**TRY IT:** Only one stretch of the data below is needed. Output the lines from the one with "Harvest essentials from" up to and including the one with "SPIJS-foodfestival-5juni21-00035.jpg", exactly as they stand.

**EXERCISE MATERIAL:**
——————————
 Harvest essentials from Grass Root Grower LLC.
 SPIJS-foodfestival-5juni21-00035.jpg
——————————
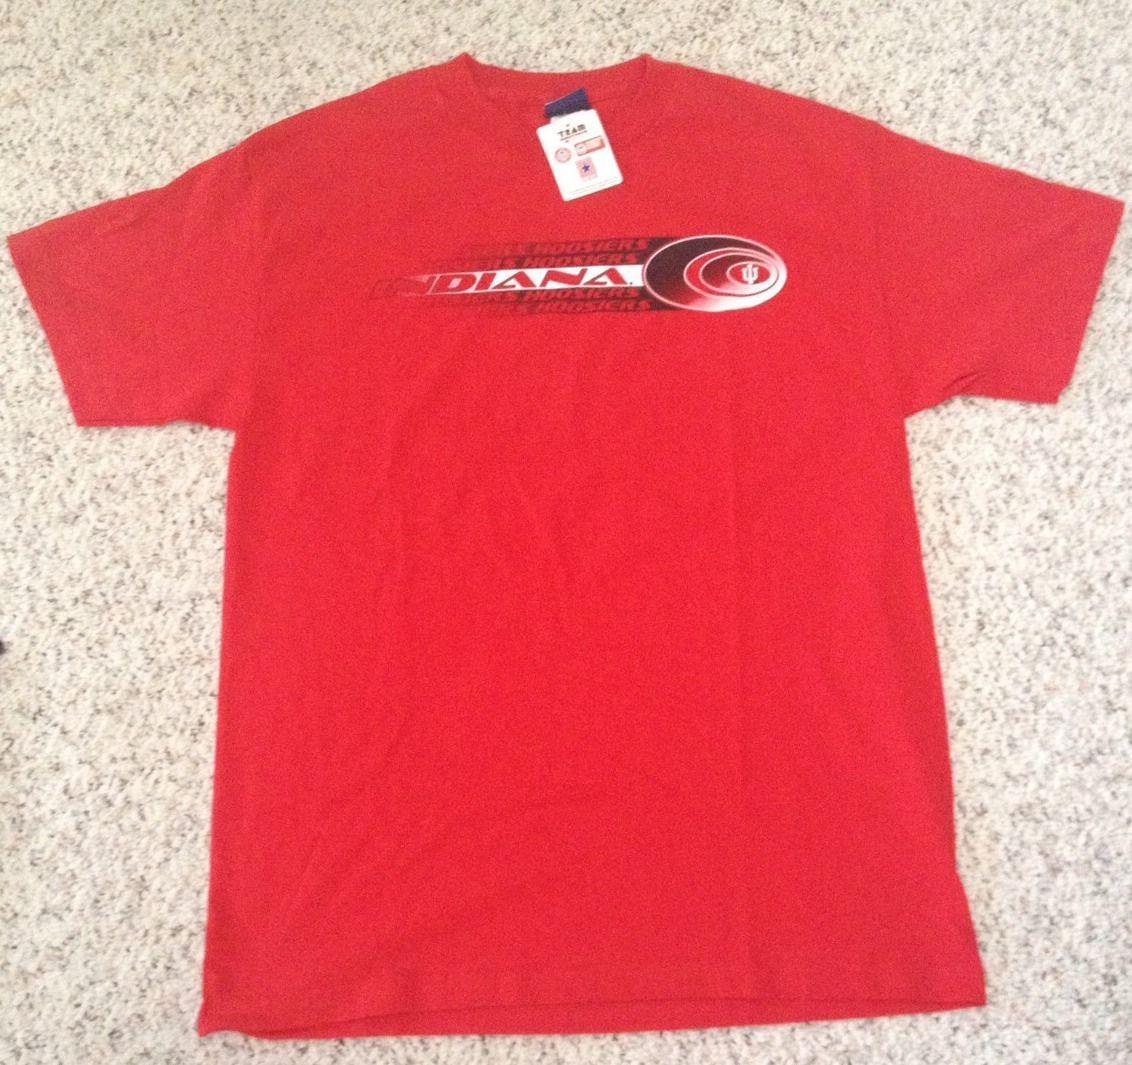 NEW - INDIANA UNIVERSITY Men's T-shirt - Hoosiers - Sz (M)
——————————
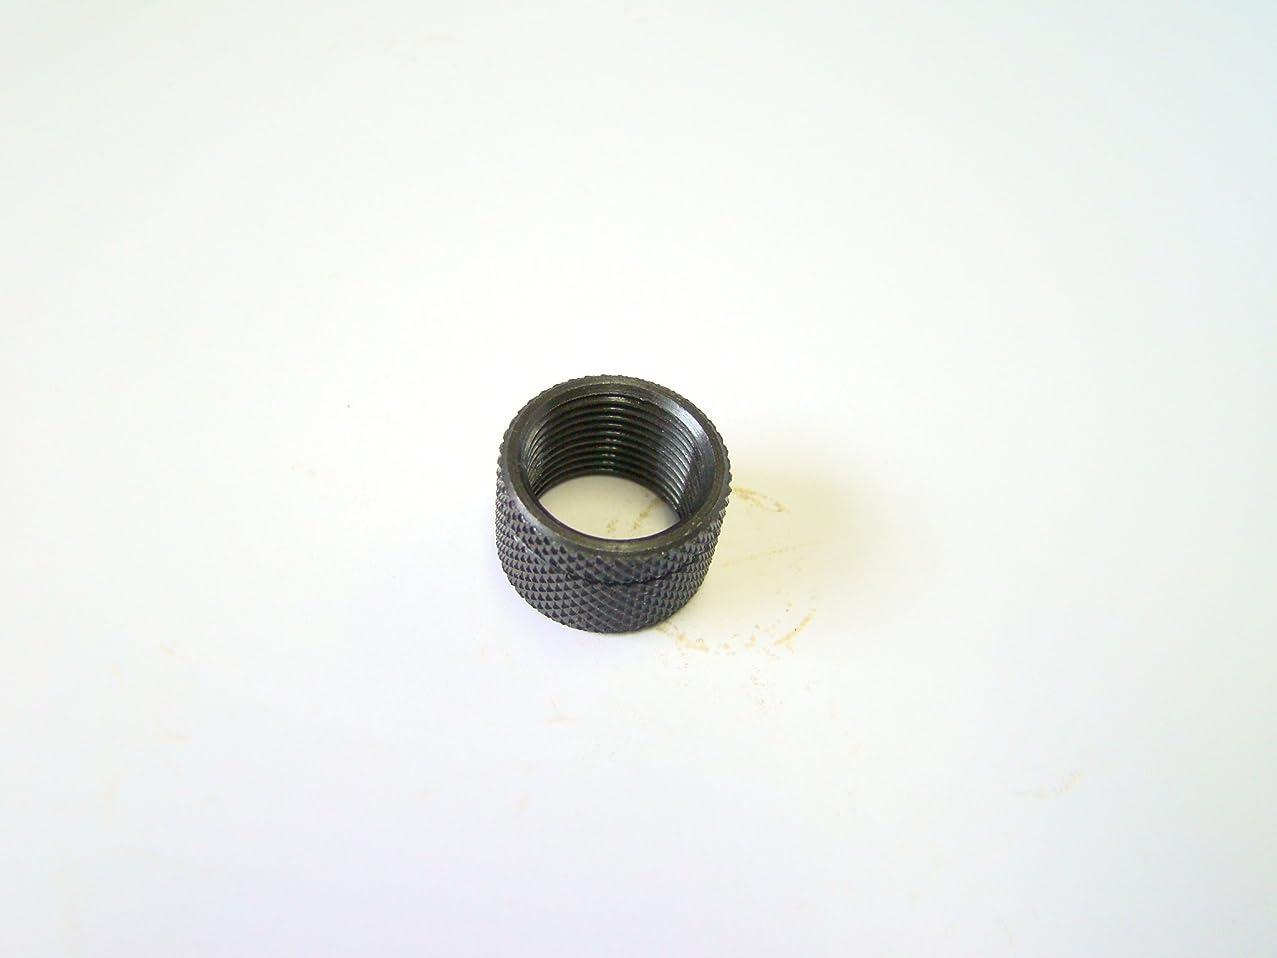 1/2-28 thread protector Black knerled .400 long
——————————
**SOLVED PROBLEM:**
 Harvest essentials from Grass Root Grower LLC.
 SPIJS-foodfestival-5juni21-00035.jpg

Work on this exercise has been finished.